XII Le Bois des Pendus
Au petit matin, les jeunes amis de Guillemot avaient eu un réveil plutôt difficile. Il leur avait fallu un moment pour se rappeler qu’ils se trouvaient dans le Monde Incertain, sur l’île du Milieu, au cœur d’un village de pêcheurs, et un moment plus long encore pour s’extirper de leurs duvets. Ils avaient entamé leur casse-croûte, assis sur des rochers, au bord de l’eau. Bertram se sentait reposé et affichait meilleure mine que la veille. Mais lorsqu’il tenta de contacter Gérald par l’entremise d’un sortilège de communication, il fut pris de maux de tête qui l’empêchèrent de pratiquer sa magie.
– Ce n’est pas grave, avait dit Ambre.

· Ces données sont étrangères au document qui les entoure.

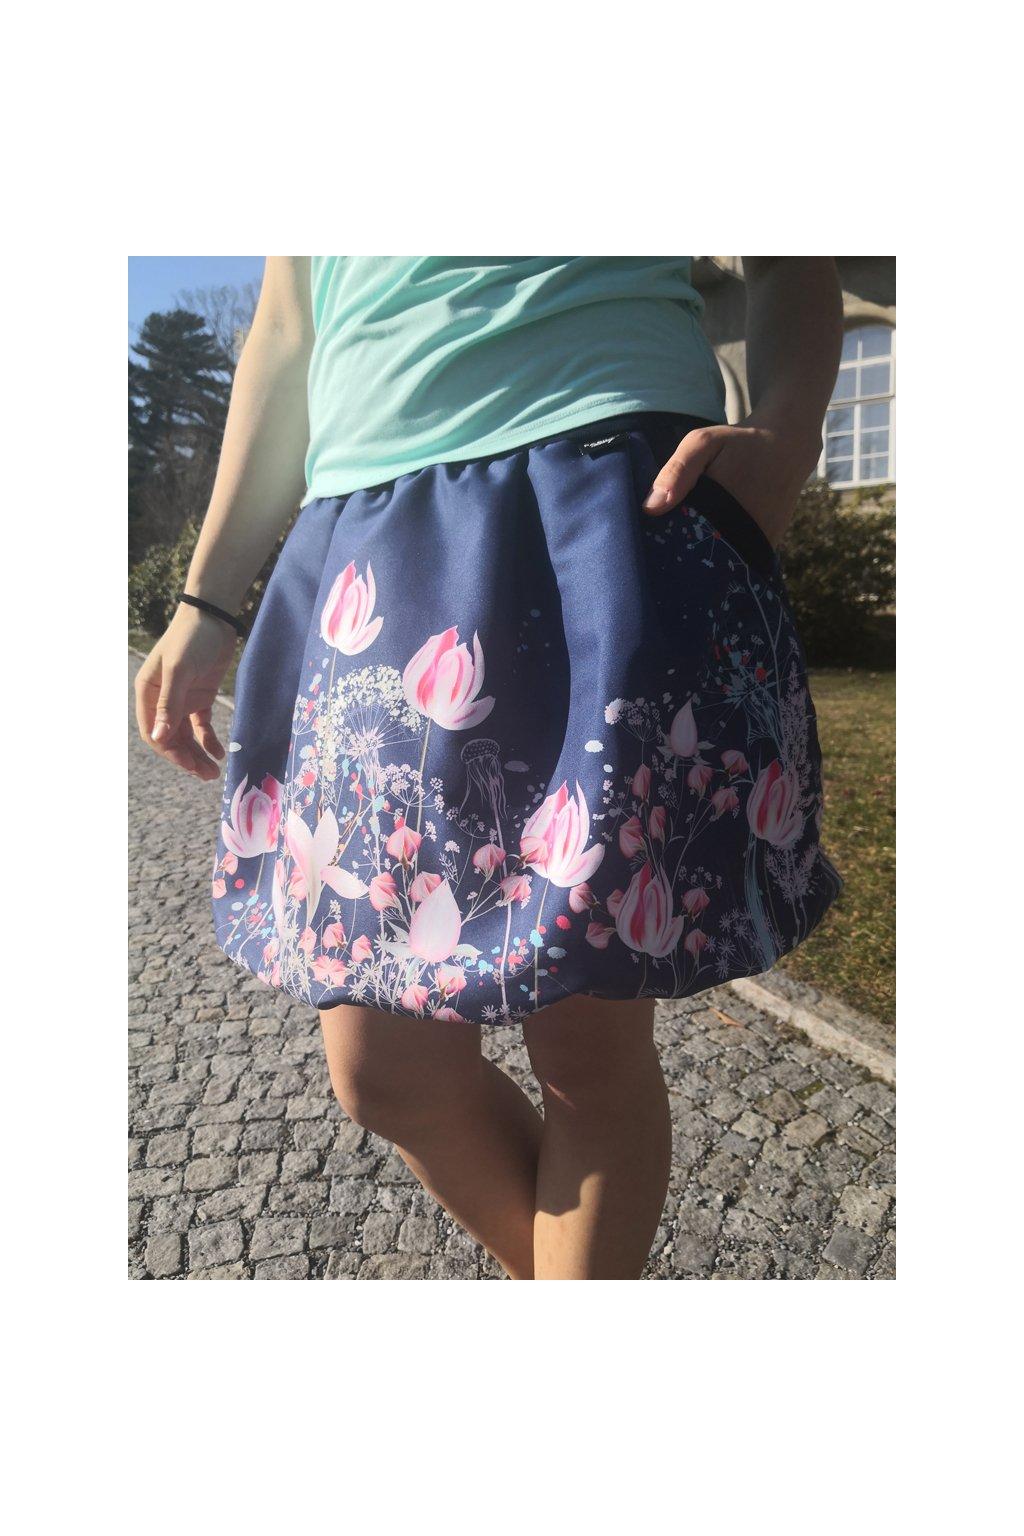 balonova sukne tulipany papilio clothing

De toute façon, le plan B prévoit que l’on prenne l’initiative.
Une barque les avait donc conduits jusqu’à la Côte Hurlante, à l’endroit même où les Chevaliers avaient débarqué la veille.
La Côte Hurlante devait son nom à la présence de nombreux Gommons, ces créatures cruelles à l’apparence humaine, aux cheveux d’algues et à la peau écailleuse, qui aimaient accompagner le mugissement des vagues les nuits de tempête avec leurs terrifiants hurlements…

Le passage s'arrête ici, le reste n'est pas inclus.